# How to query PIA JSON API with query_api.py

## Introduction

The query_api.py file queries the PIA JSON API and writes the JSON files returned to a local directory, ready for transformation to Linked Art JSON-LD.

A .yaml file is used for script variables. The filepath for the .yaml file is specified as a script argument --config

## Example settings.yaml  file

A settings.yaml file is specified in the script argument --config. 

An example config file can be viewed at [example settings.yaml](/digitalobject/settings.yaml)

Example content:

```yaml
- - - # settings for digital object
- settings:
  default_lang        : en
  base_url            : https://linkedart.participatory-archives.ch/
  pia_api_uri         : https://data.participatory-archives.ch/api/v1/images
  pia_api_include     : include=collections,date,place
  page_size           : 500
  directory           : digitalobject/
  a_collection        : data/a_collection
  b_mapped            : data/b_mapped
  c_linked_art        : data/c_linked_art
  template            : template.jsonnet
...
```

The query URL for the PIA API query is contstructed using 'pia_api_url' and 'pia_api_include' in the settings.yaml file

JSON files are written to a local directory, with the filepath constructed using the 'directory', 'a_collection' and 'page_size' variables in the setting.yaml file.


## Files
- query_api.py - main script
- settings.py - use function 'query_api()' to check that the correct script arguments have been provided


## Help
The following will provide information about arguments to use with the script.
```
python3 query_api.py -h 
```

## Example command

```python
query_api.py  --config <config-file>
```
e.g.
```python
python3 query_api.py --config ./digitalobject/settings.yaml 
```

## Load Python packages

In [3]:
import json
import requests
import sys
import traceback
import yaml
from yaml.loader import SafeLoader


## Read in config file

Usually command line argument `--config` but added as var `config_file` here

In [4]:
# commented out as not using command line argument for config file
# settings.py in local dir
#import settings

config_file = "../digitalobject/settings.yaml"

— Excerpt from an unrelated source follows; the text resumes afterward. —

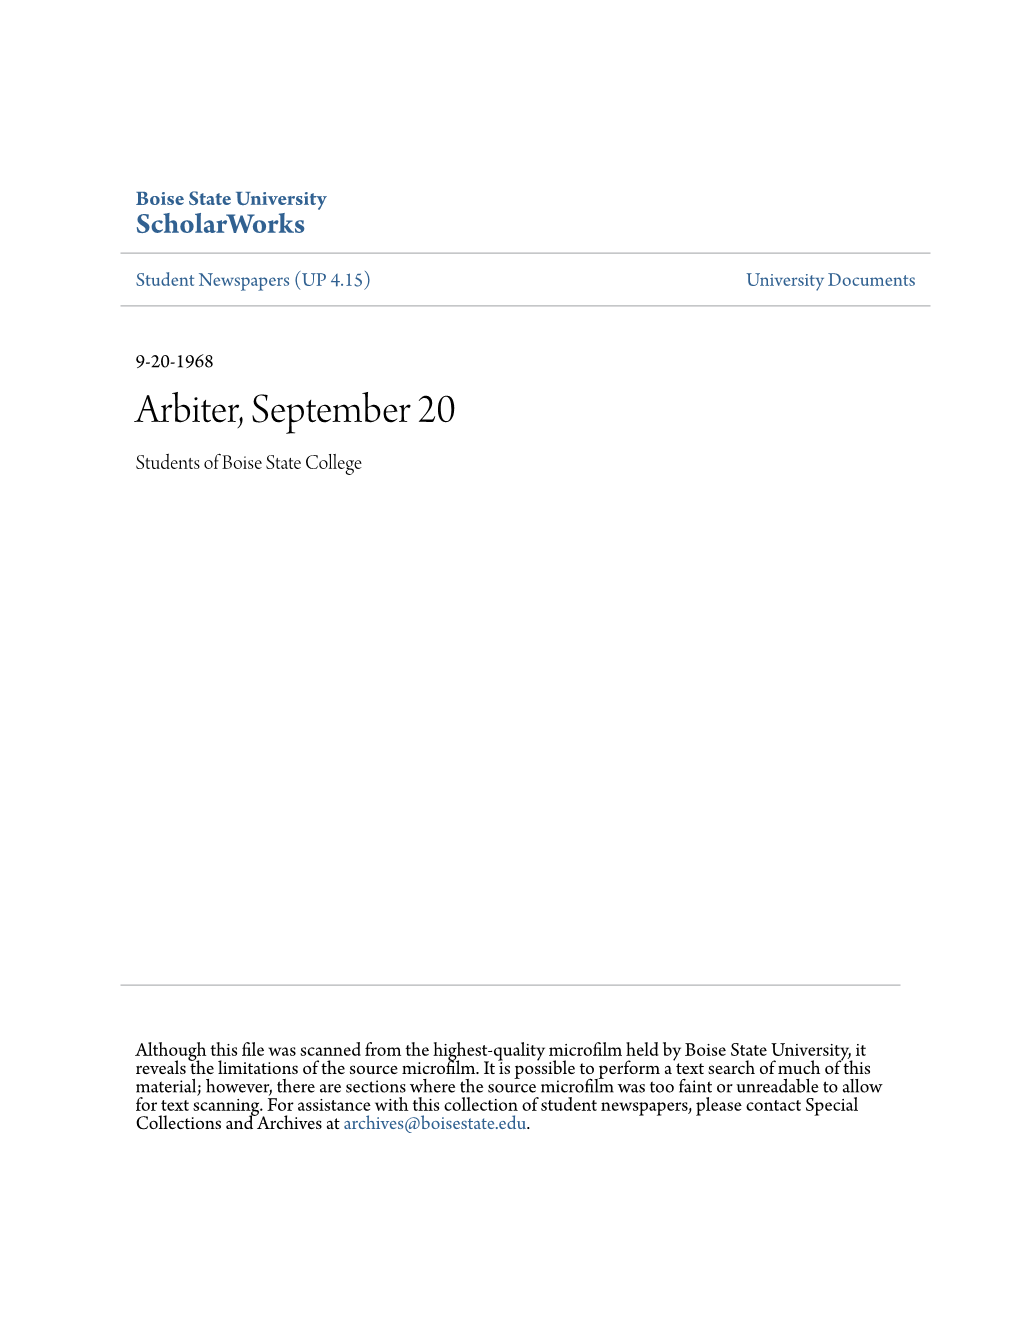 Arbiter, September 20 Students of Boise State College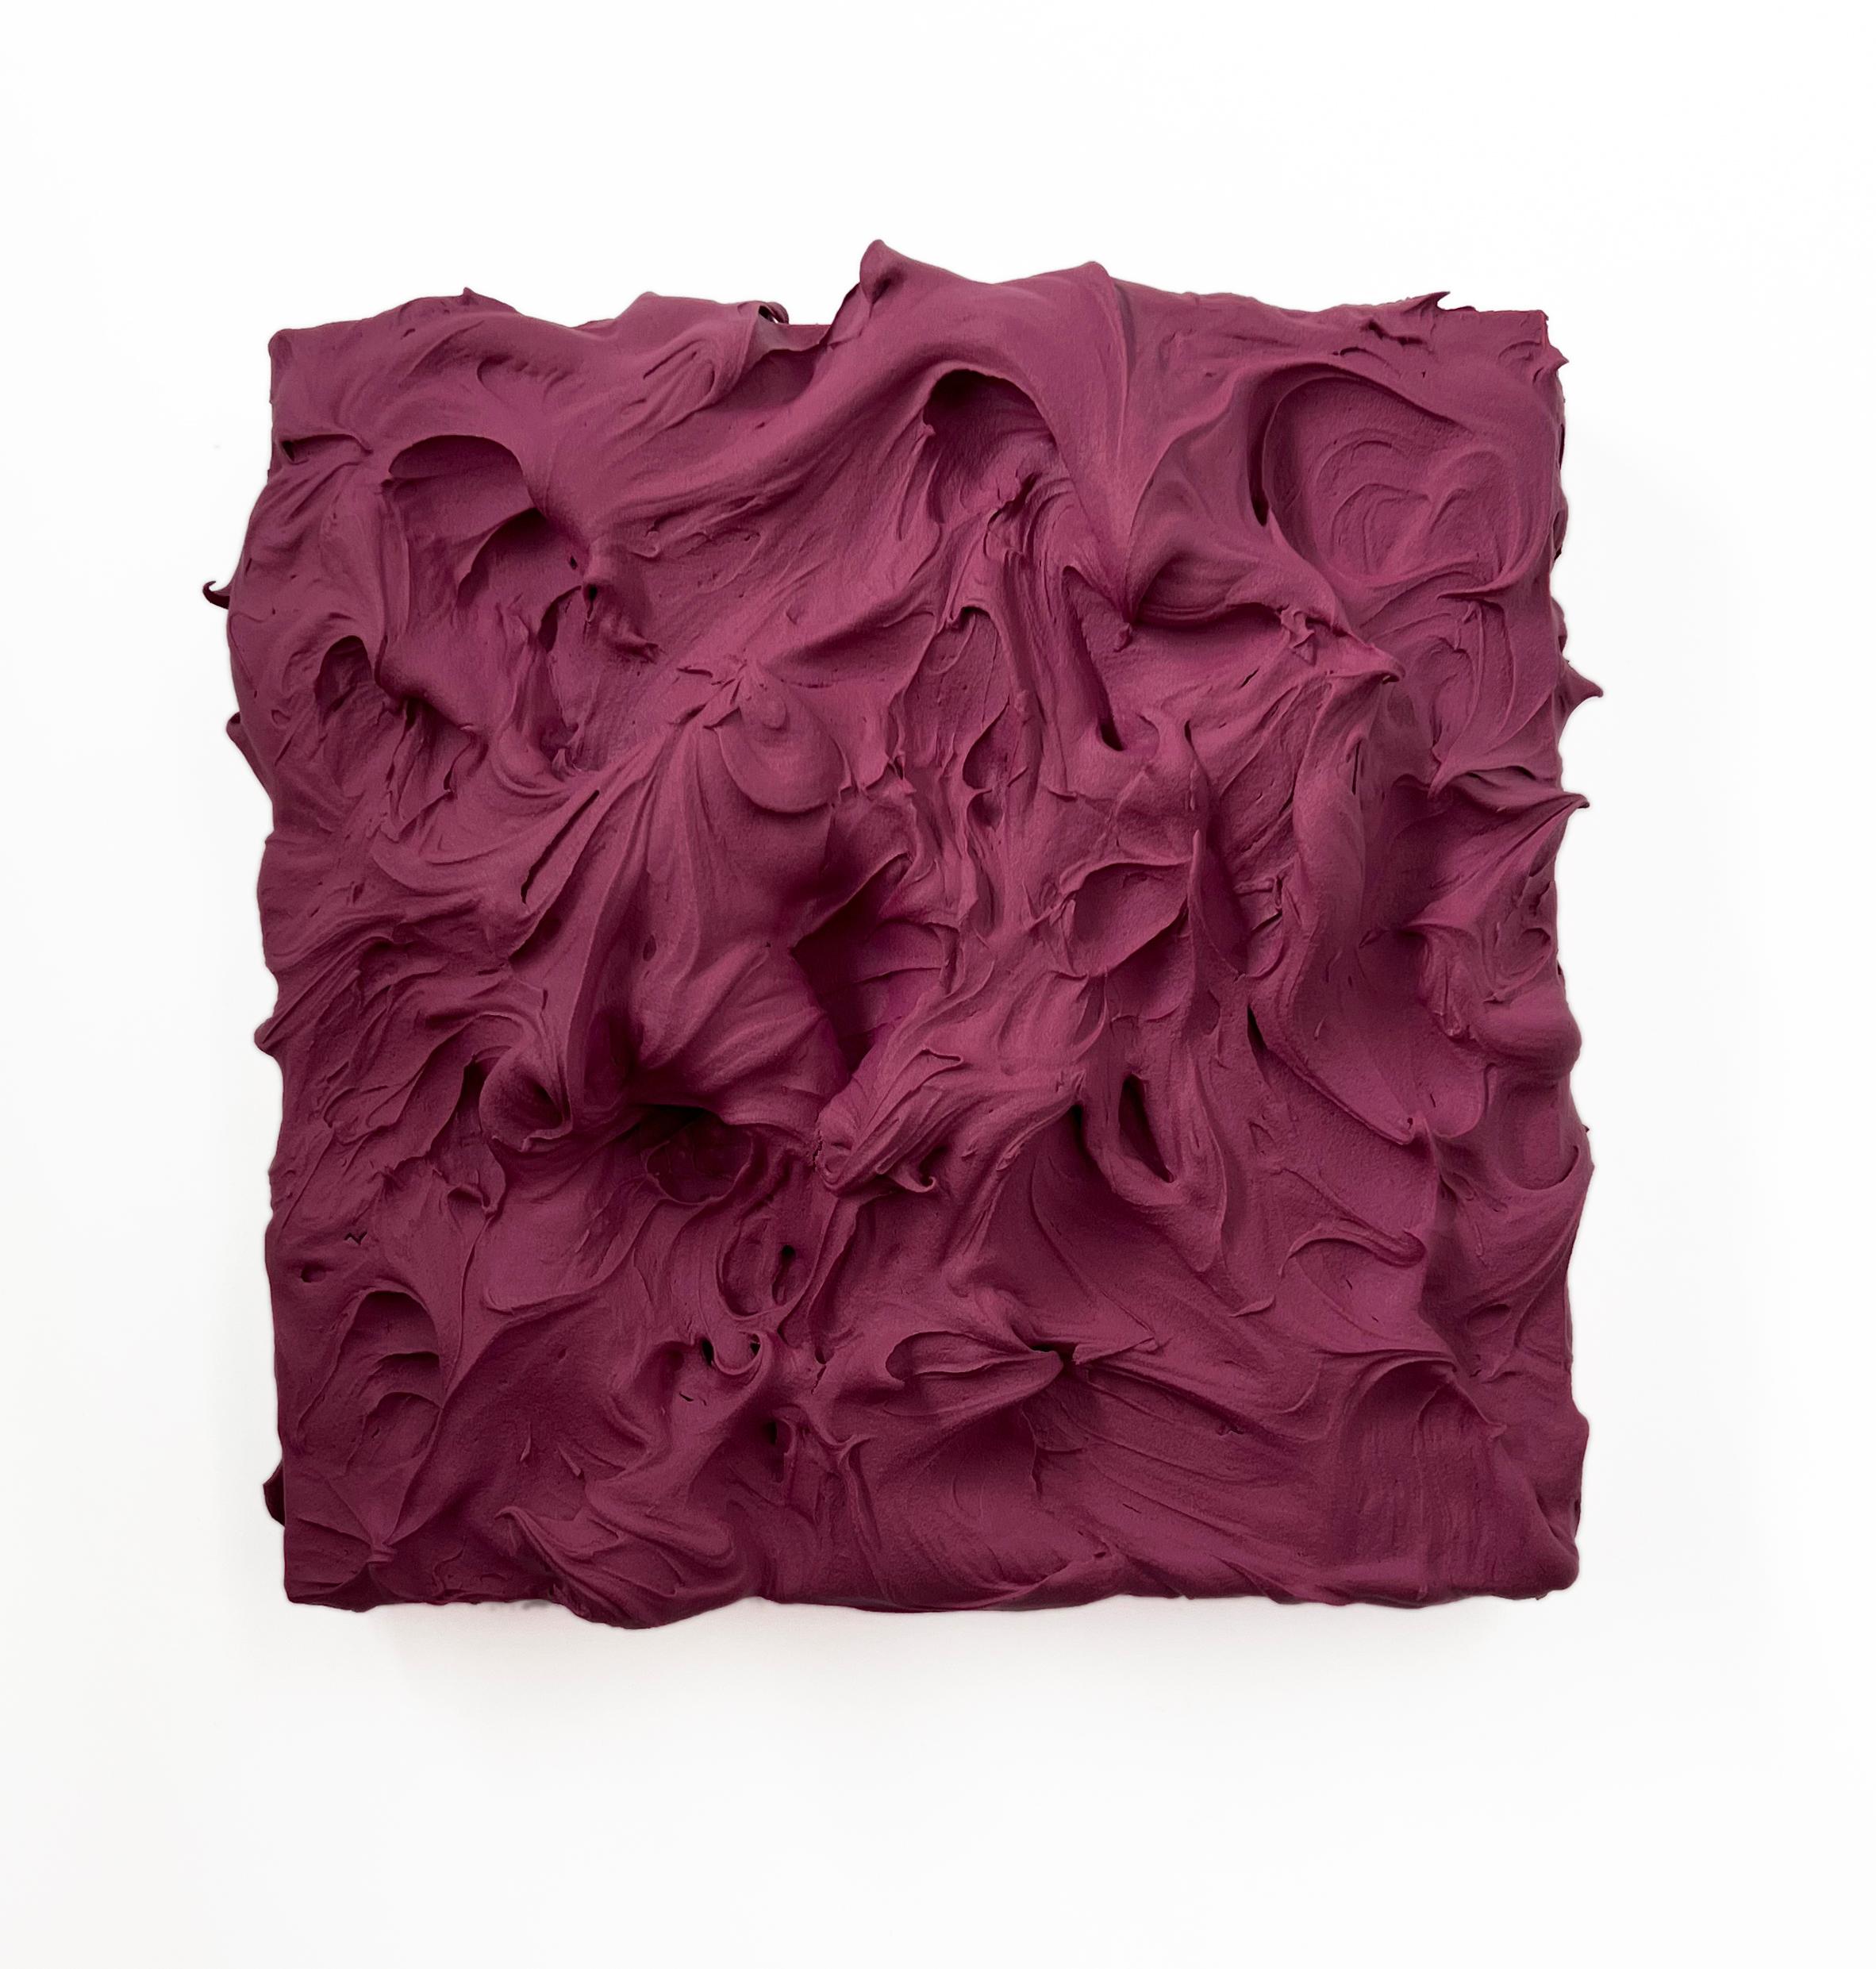 Chloe Hedden - Mauve Excess (purple impasto thick painting monochrome pop  art square design) For Sale at 1stDibs

with open(config_file) as f:
    data = (yaml.load(f, Loader=SafeLoader))
    
    config = data[1]

config

{'settings': None,
 'default_lang': 'en',
 'base_url': 'https://linkedart.participatory-archives.ch/',
 'pia_api_uri': 'https://data.participatory-archives.ch/api/v1/images',
 'pia_api_include': 'include=collections,date,place',
 'page_size': 500,
 'directory': 'digitalobject/',
 'a_collection': 'data/a_collection',
 'b_mapped': 'data/b_mapped',
 'c_linked_art': 'data/c_linked_art',
 'template': 'template.jsonnet'}

## Option to modify the config settings
If you'd like to try different settings, update the config dictionary in the next code cell e.g. config["directory"] = "../digitalobject/"

In [5]:
config["directory"] = "../digitalobject/" # directory to save files to

config["page_size"] = 200 # number of records to return with each API query

config["pia_api_uri"] = 'https://data.participatory-archives.ch/api/v1/images' # PIA API to query

config["pia_api_include"] = 'include=collections,date,place' # additional data to include for each record returned with API call

## Construct API Query URL
get config variables, ready to construct API query URL 


In [6]:

# dir to store collection data files
a_collection = config["directory"] + config["a_collection"]

# number of records to return per page
page_size = config["page_size"]

# default total number of pages to return - actual number will be determined by call to API
total_pages = 1


# URI for PIA API
api_uri = config["pia_api_uri"]
api_include = ""
if config["pia_api_include"] != None:
    api_include = config["pia_api_include"]

## Query API to get total pages in resultset

initial query of API to get total number of pages, to iterate through in next step

In [8]:
# get total number of pages
query_total_pages = api_uri + "?page[number]=1&page[size]=" + str(page_size)
response = requests.get(query_total_pages)
result = response.json()

# get total pages from api call
total_pages = result["meta"]["page"]["lastPage"]


# construct query to return data
query = api_uri + "?" + api_include + "&page[size]=" + str(page_size)

print("total pages: " + str(total_pages))

total pages: 300


## Query API and write files to local directory

In [10]:
# QUERY API

print("saving files to: " + a_collection)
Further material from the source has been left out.